Exercise goal: The entries that follow need to be reproduced exactly, minus any images.

Records from a collection:
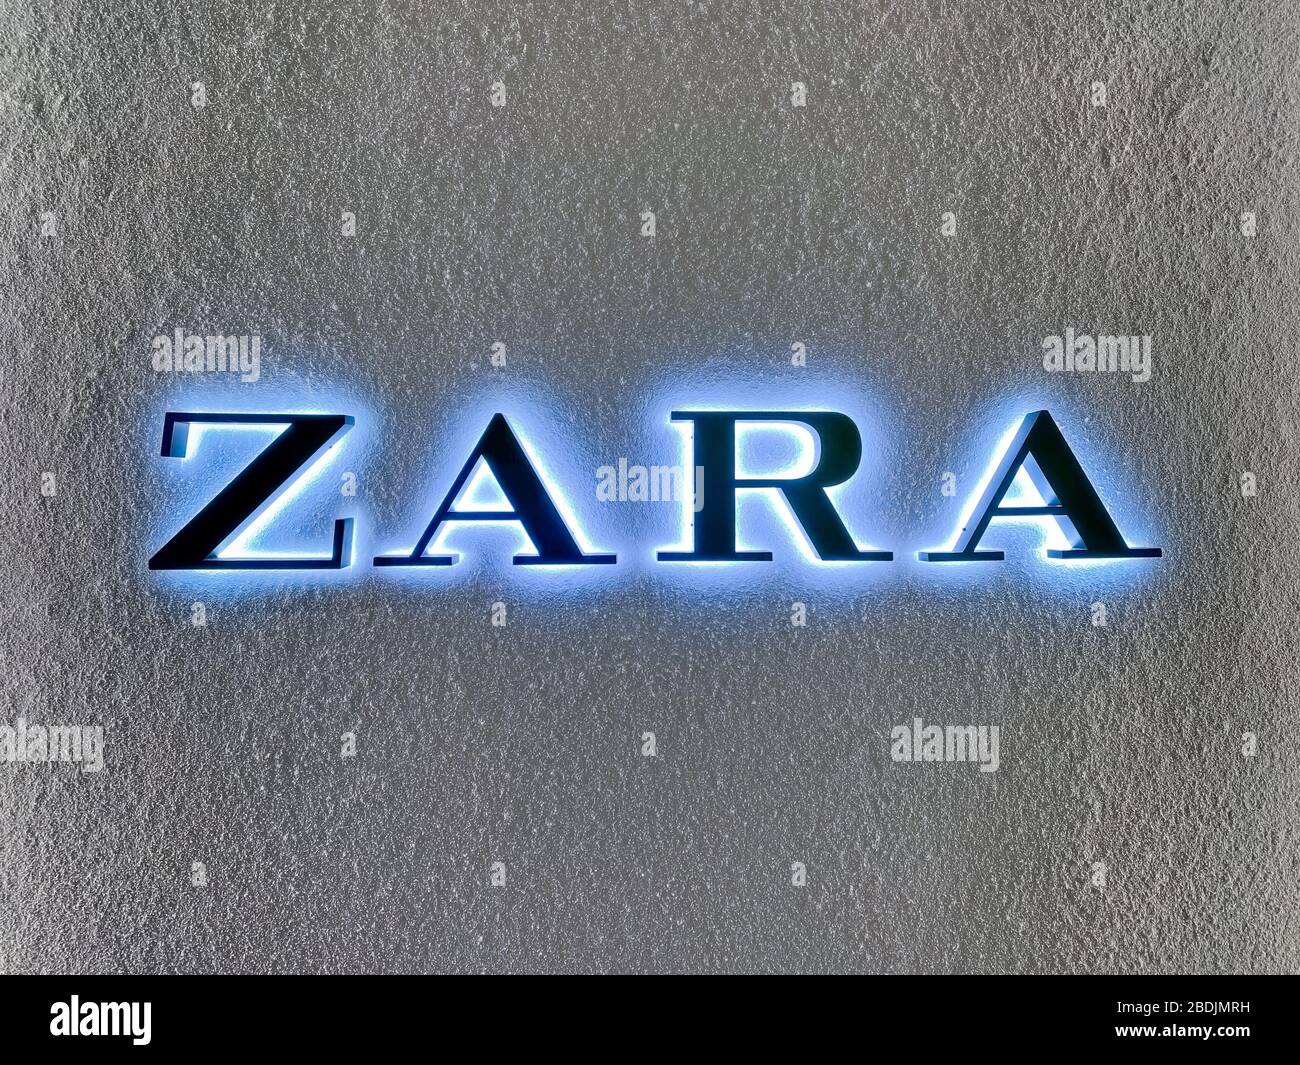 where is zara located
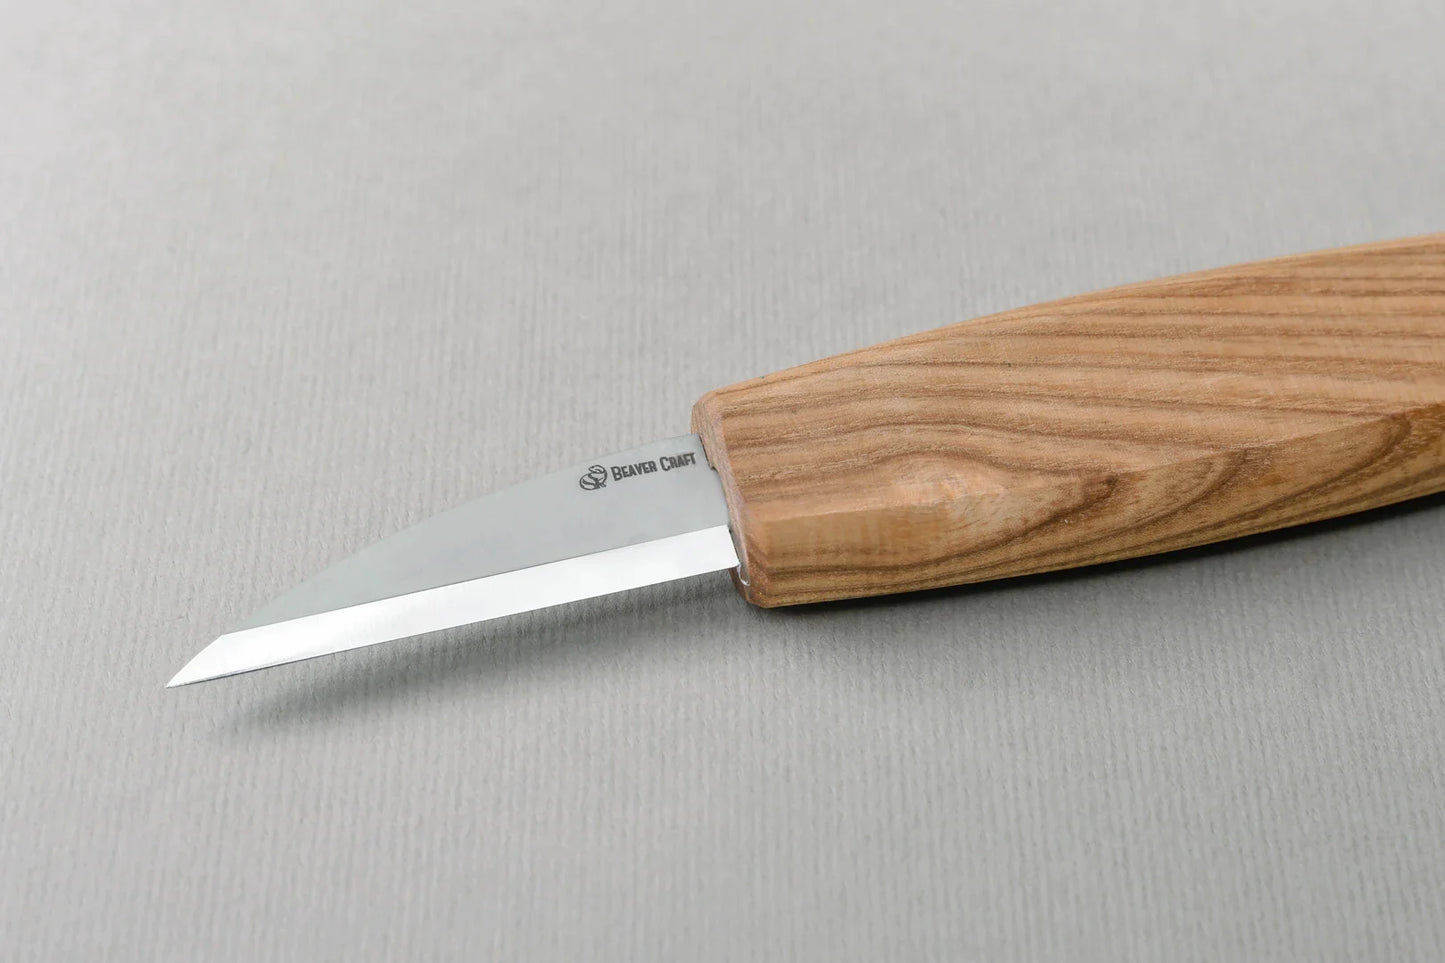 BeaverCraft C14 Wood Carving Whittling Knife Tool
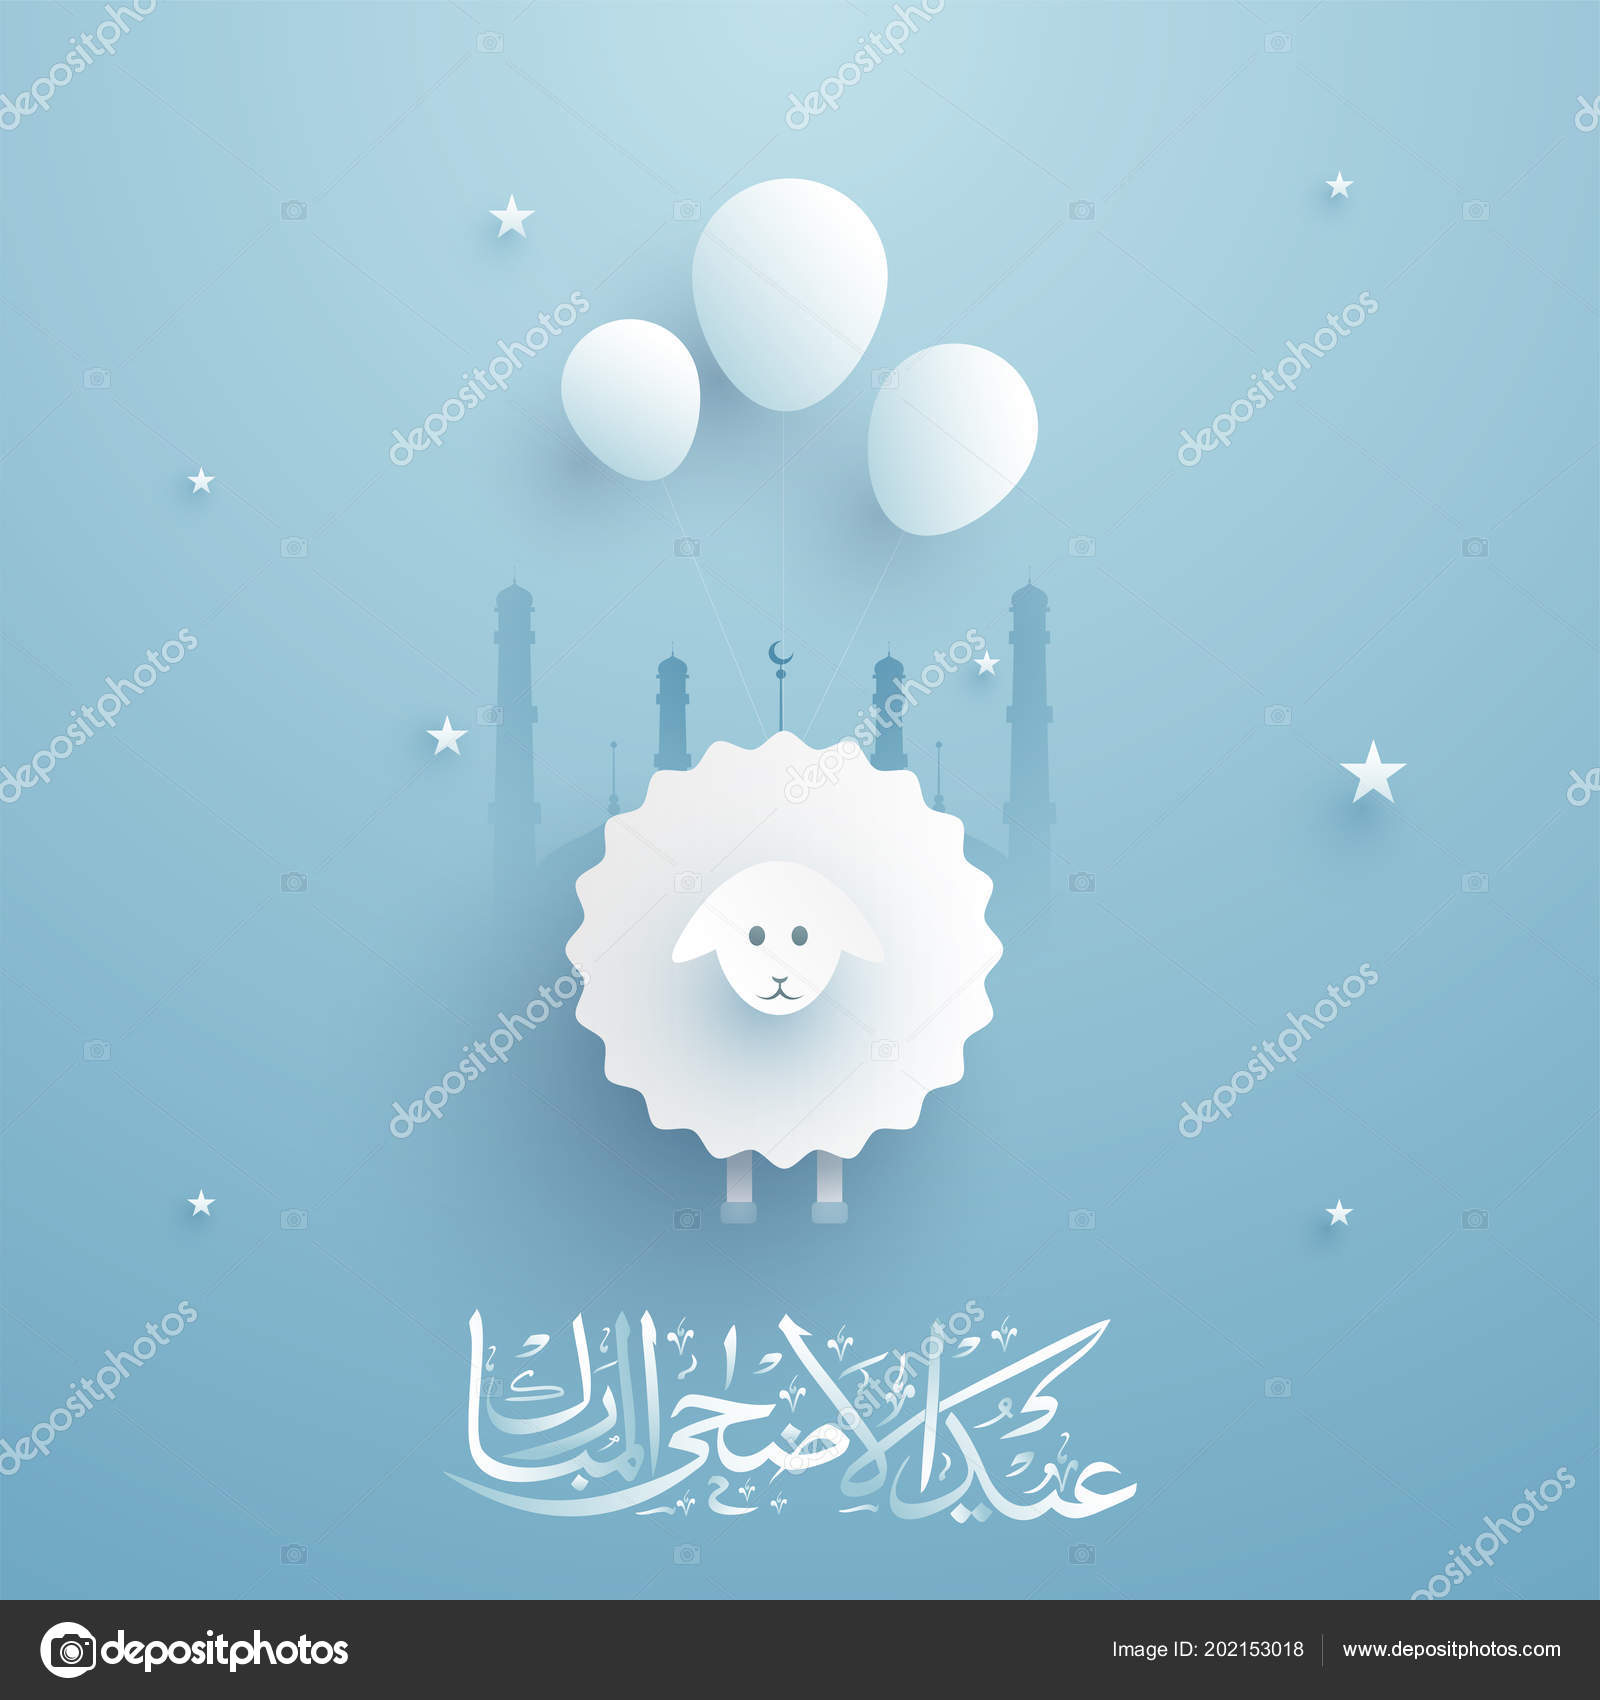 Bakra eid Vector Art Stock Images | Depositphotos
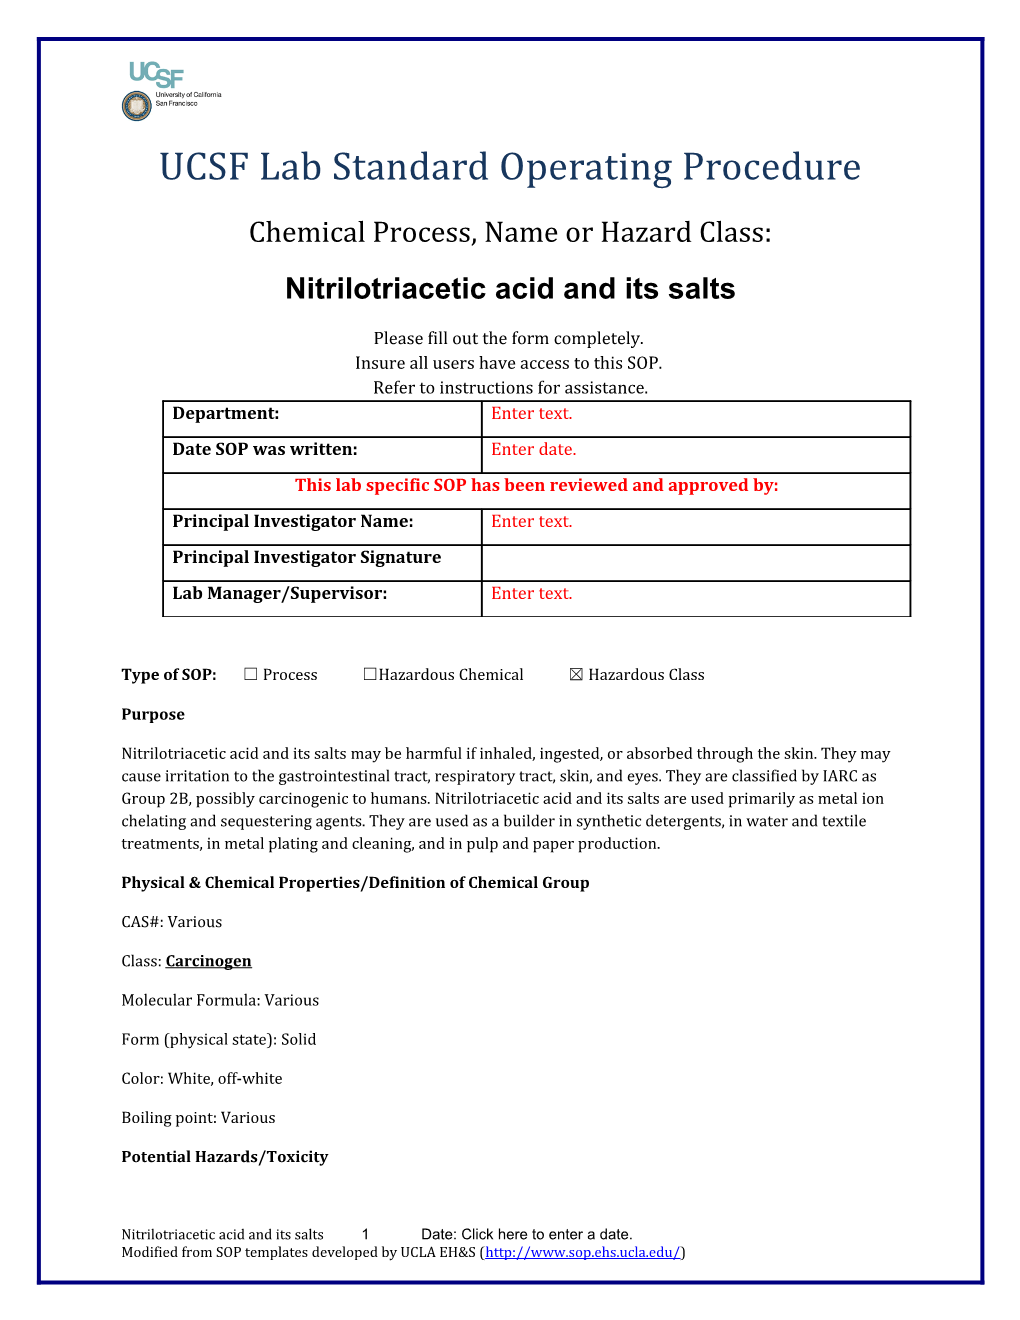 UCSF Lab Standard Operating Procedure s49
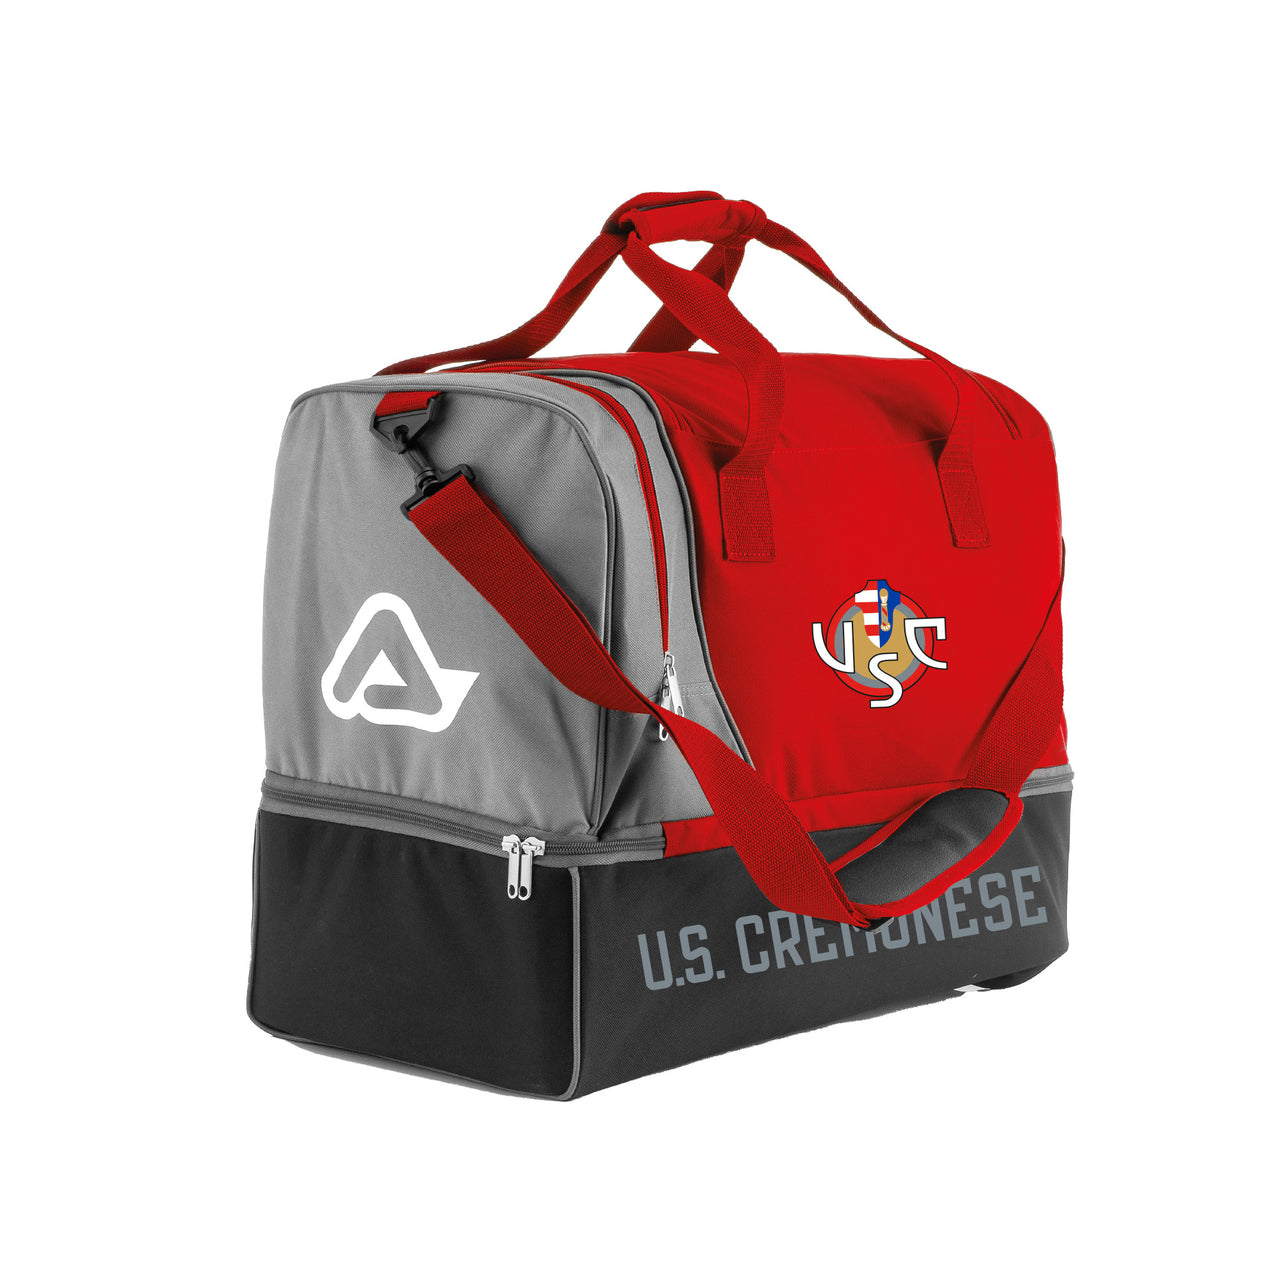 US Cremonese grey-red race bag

Task result:
 where is zara located
 BeaverCraft C14 Wood Carving Whittling Knife Tool
 Bakra eid Vector Art Stock Images | Depositphotos
 UCSF Lab Standard Operating Procedure s49
 US Cremonese grey-red race bag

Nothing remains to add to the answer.